Work instructions >> Leaving out the pictures, output the lines from the one that contains "Large Size of" through the end of the material, exactly as they stand.

Given data >>
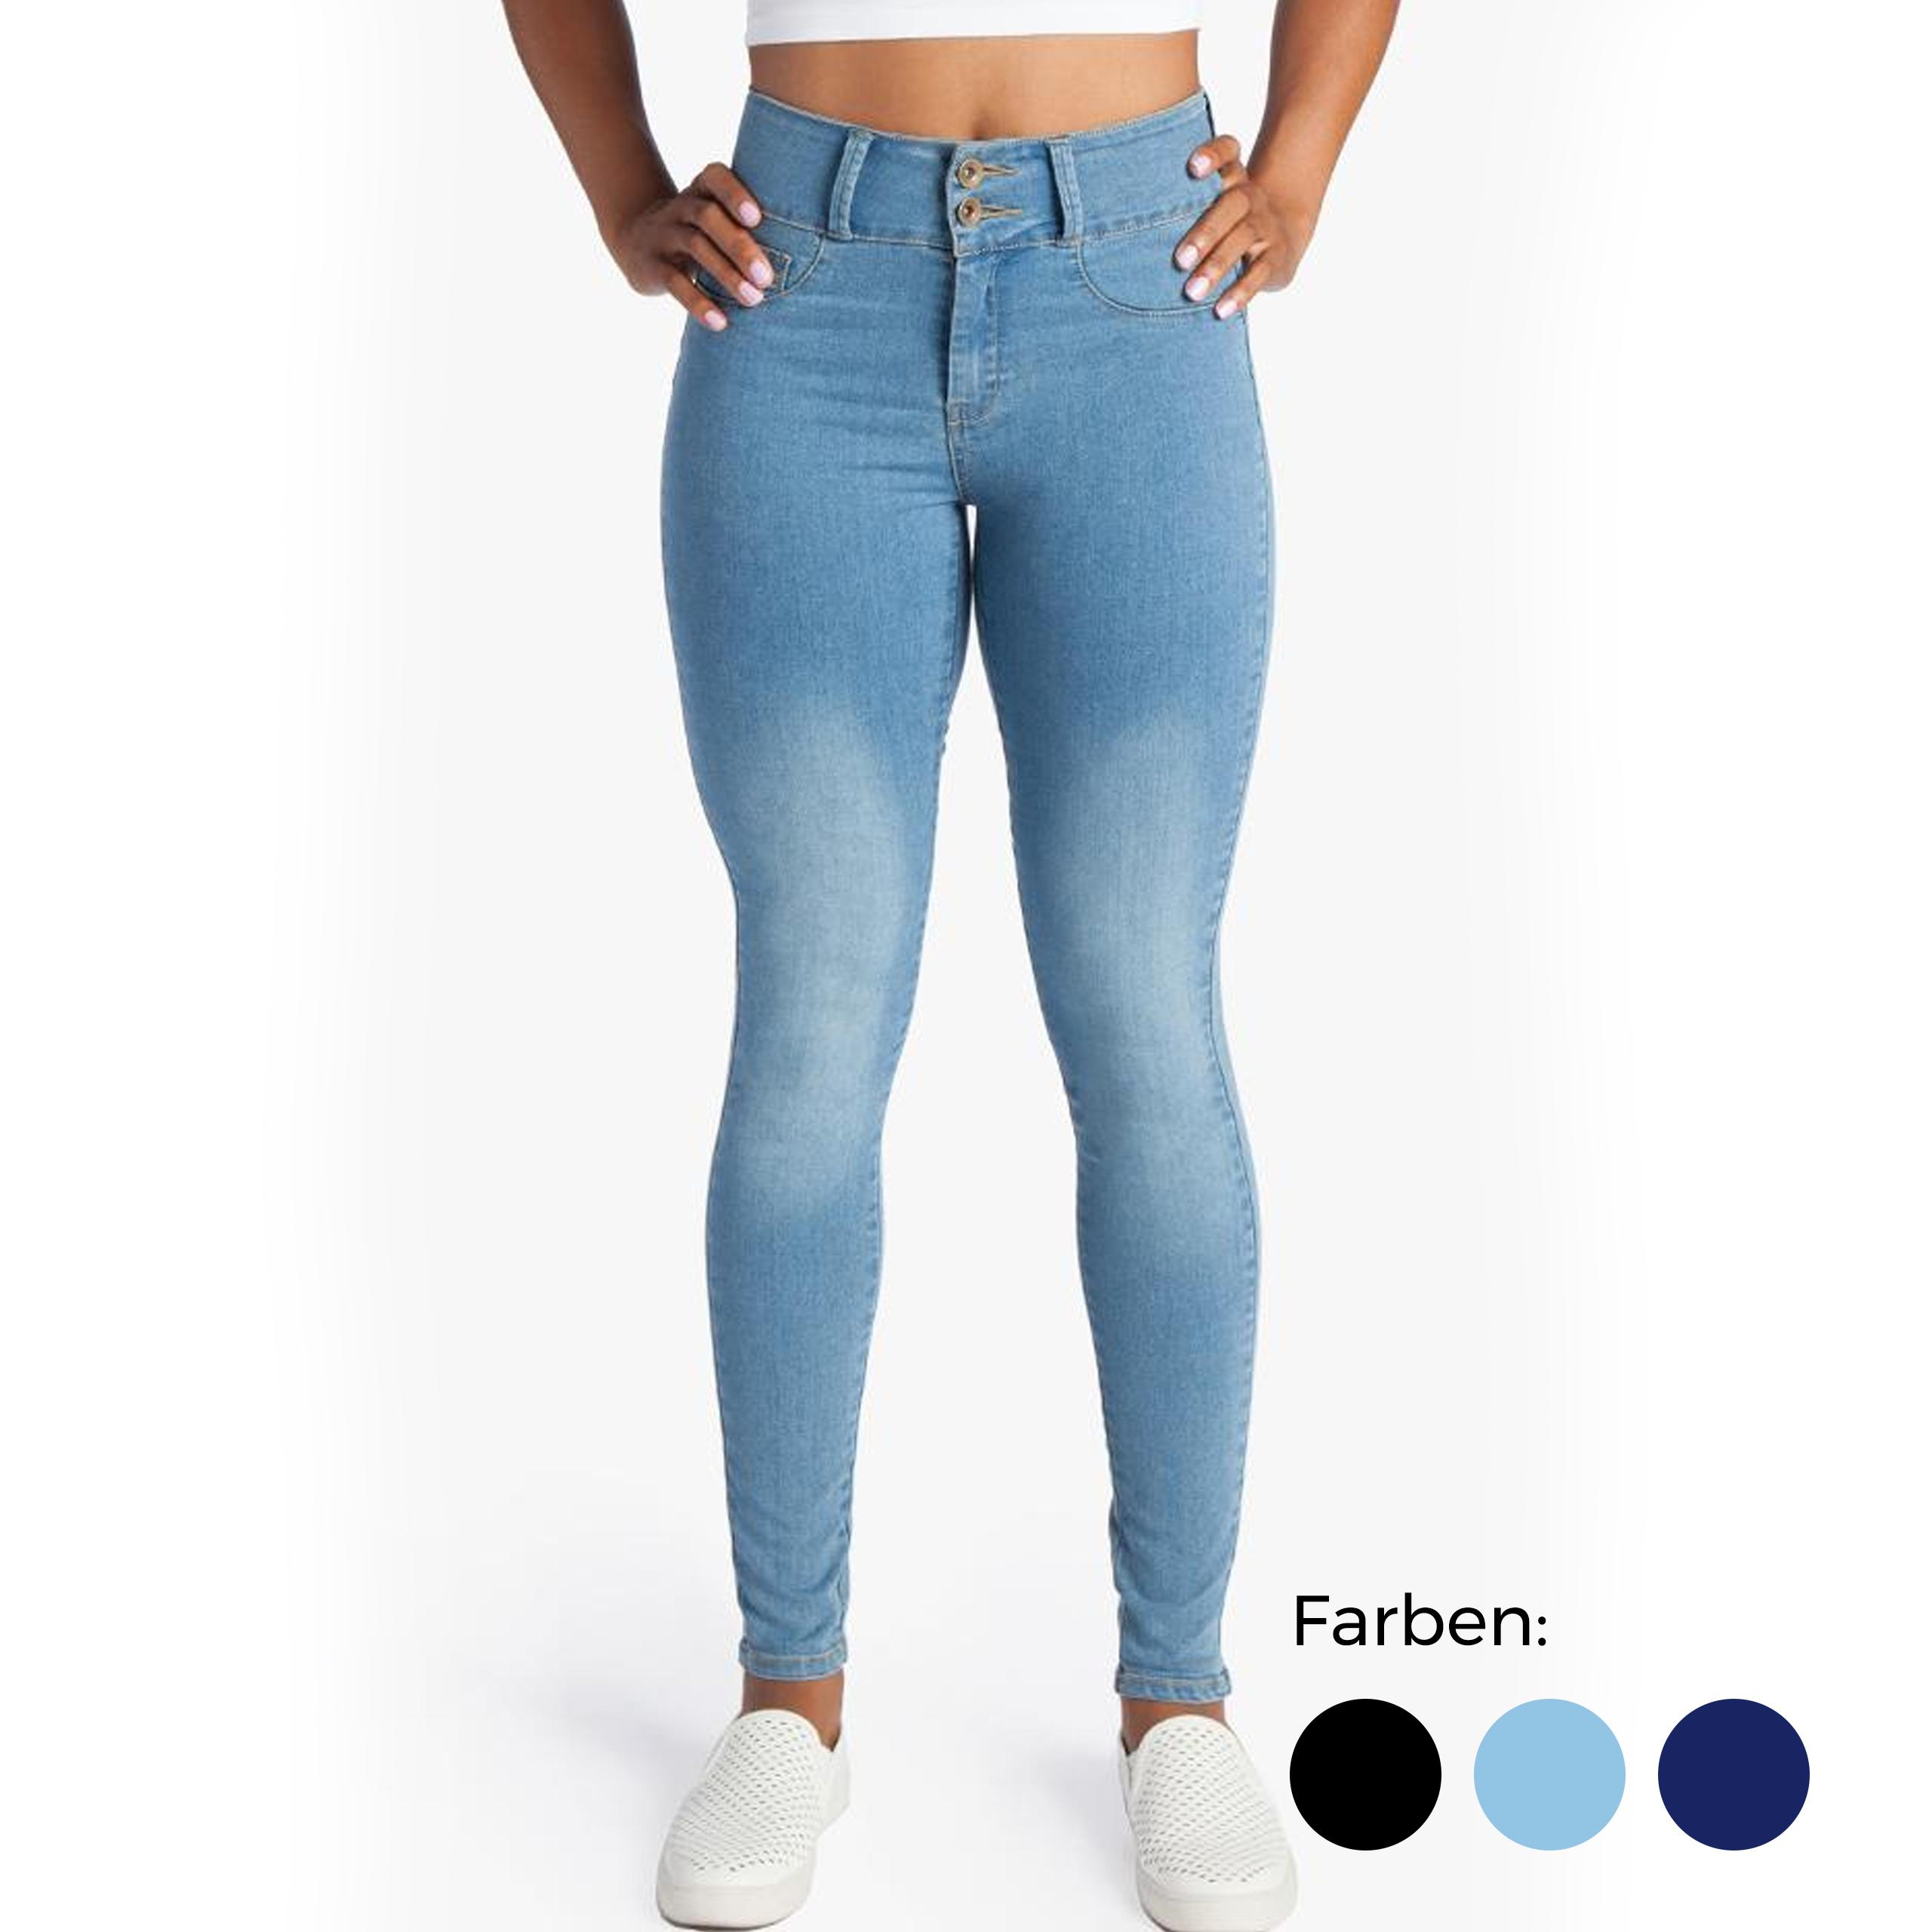 Утягивающие джинсы MyFit в Пятигорске
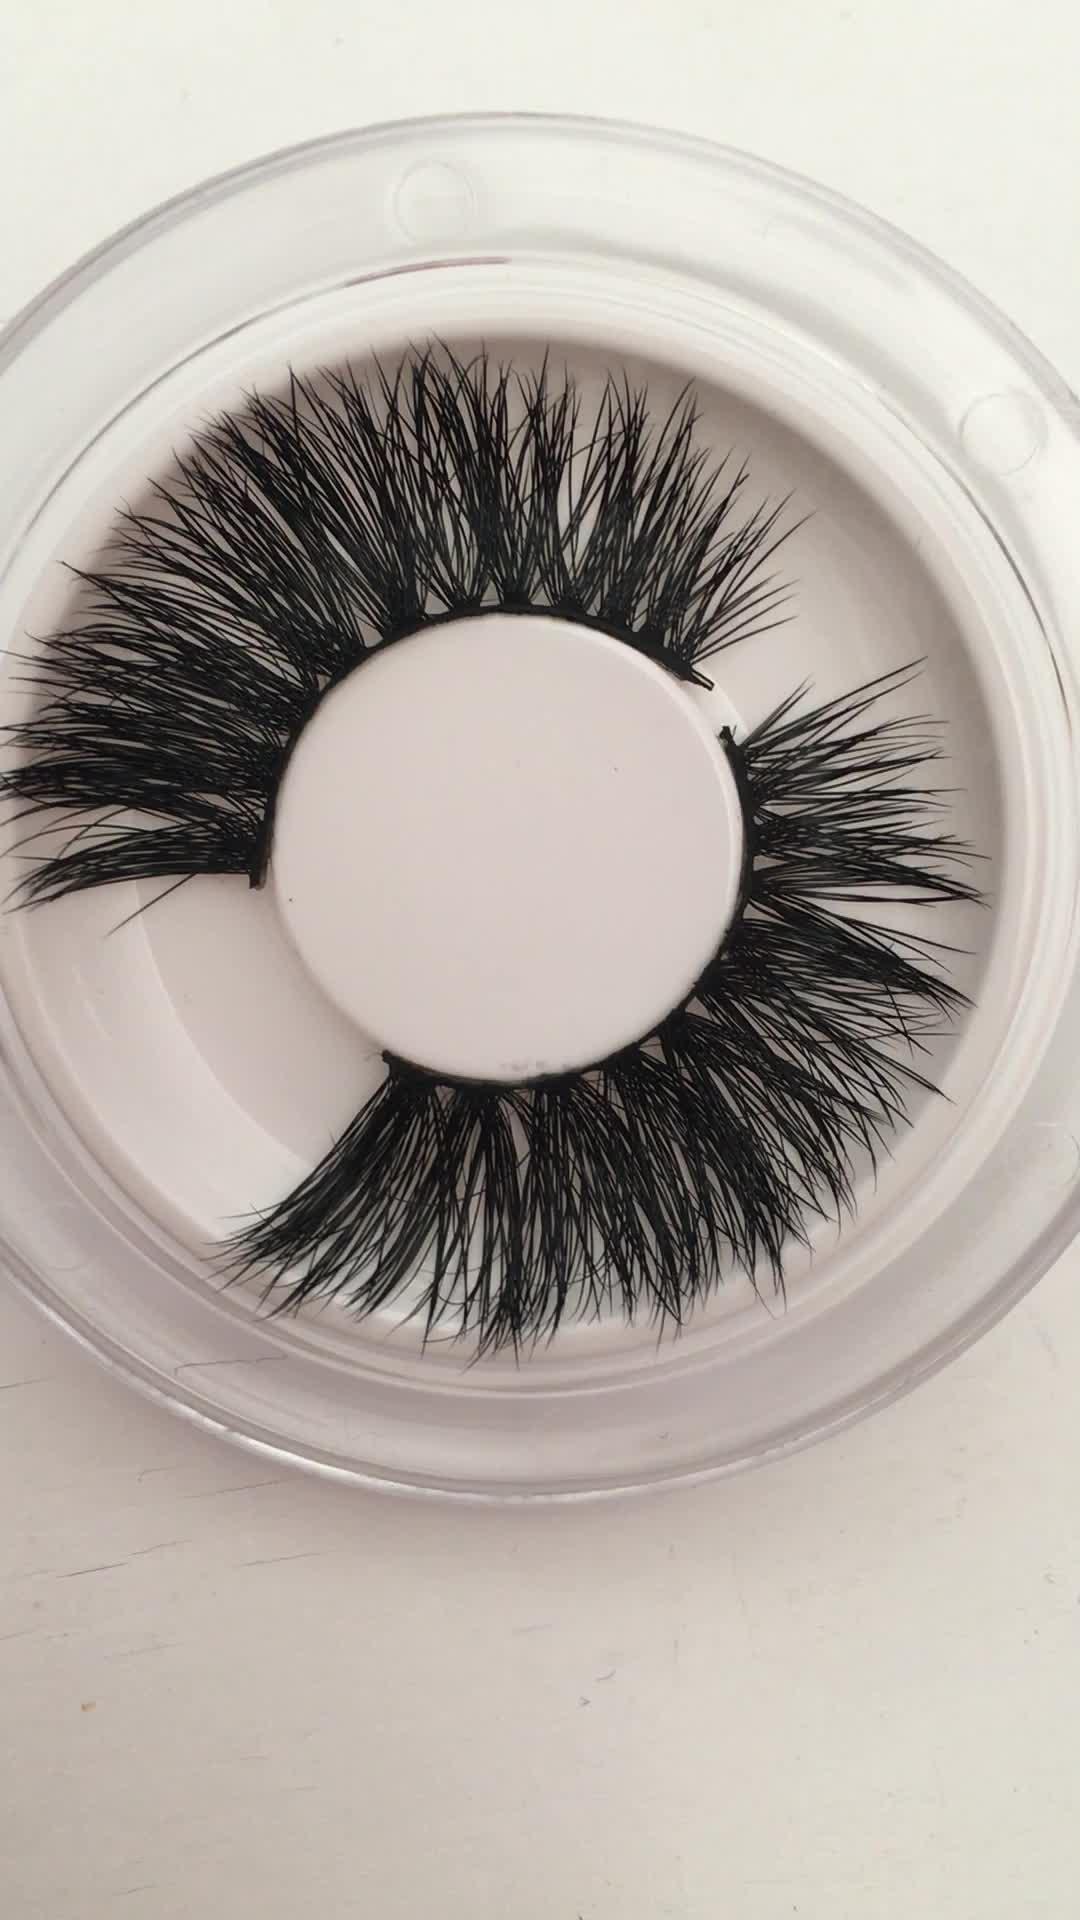 False Eyelashes Manufacturer Indonesia Cheap Eye Lashes Reusable
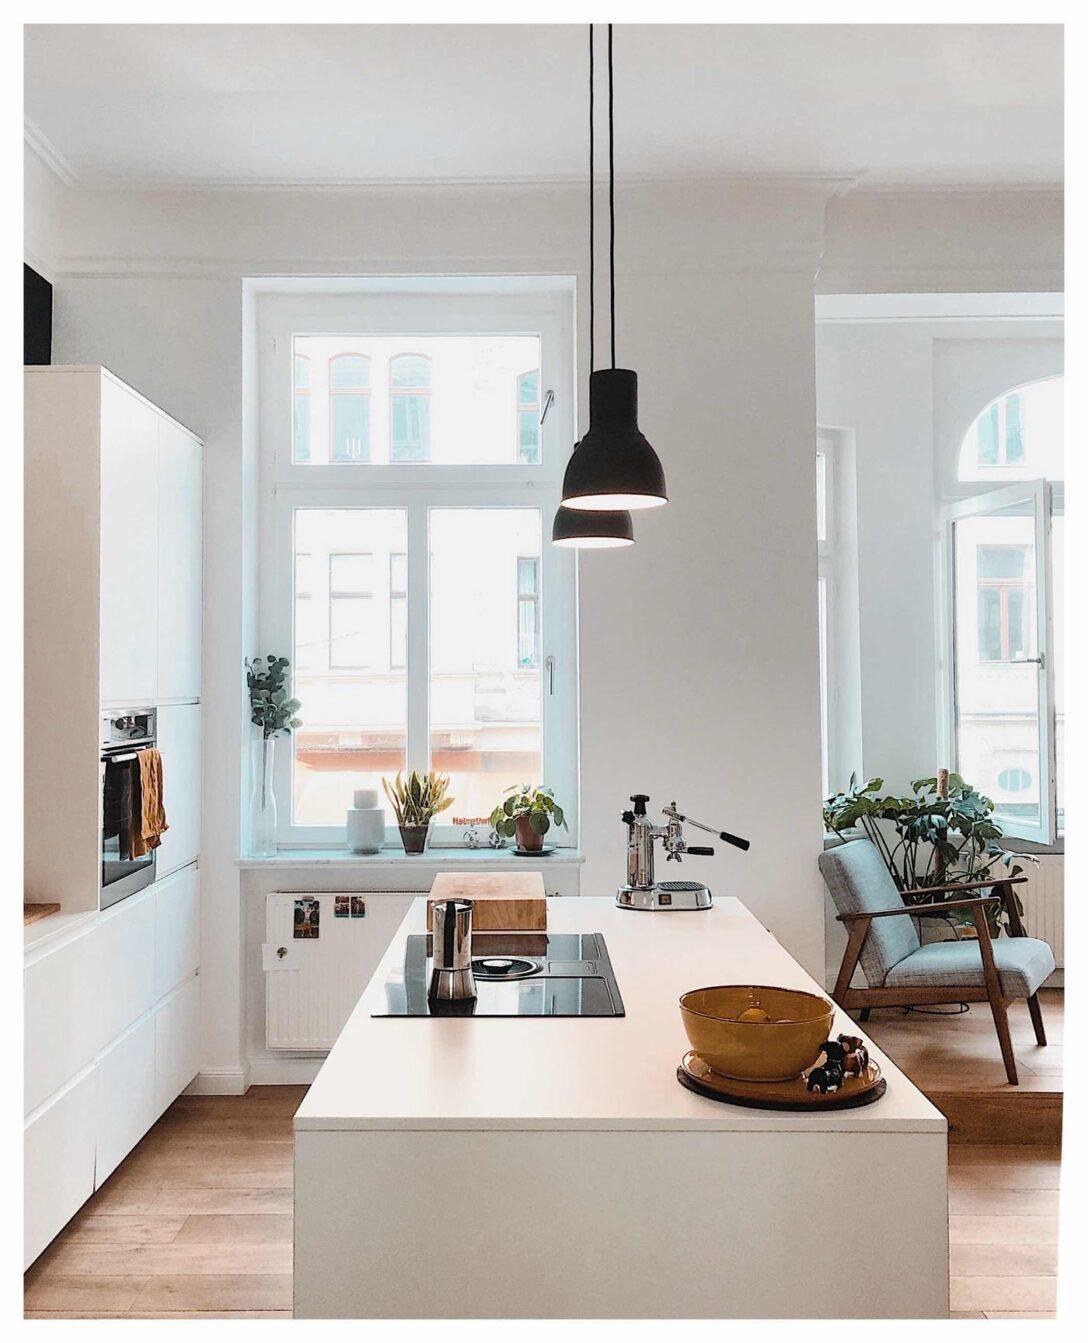 Large Size of Ikea Küchenzeile Kchen Tolle Tipps Und Ideen Fr Kchenplanung Modulküche Küche Kosten Betten 160x200 Kaufen Bei Miniküche Sofa Mit Schlaffunktion Wohnzimmer Ikea Küchenzeile
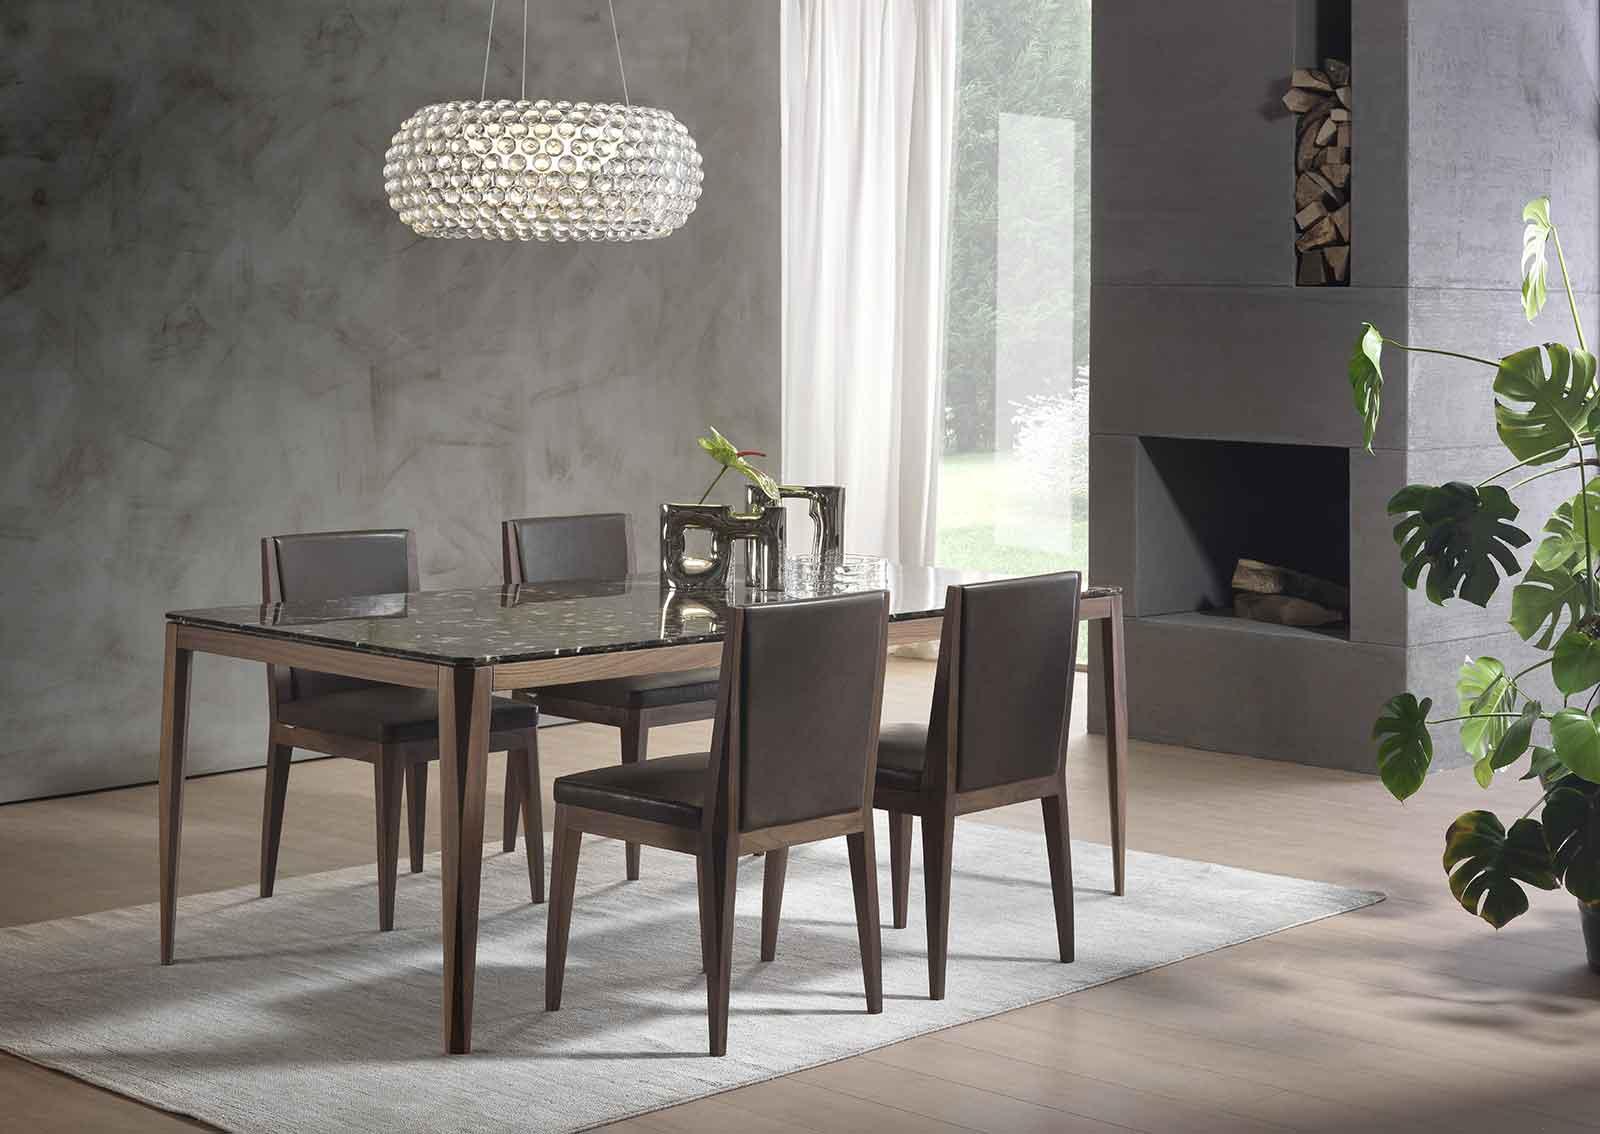 Table de repas rectangulaire en bois et marbre. Vente en ligne de tables design haut de gamme made in italy avec livraison gratuite. Ameublement de luxe.

Result below >>
 Large Size of Ikea Küchenzeile Kchen Tolle Tipps Und Ideen Fr Kchenplanung Modulküche Küche Kosten Betten 160x200 Kaufen Bei Miniküche Sofa Mit Schlaffunktion Wohnzimmer Ikea Küchenzeile
 Table de repas rectangulaire en bois et marbre. Vente en ligne de tables design haut de gamme made in italy avec livraison gratuite. Ameublement de luxe.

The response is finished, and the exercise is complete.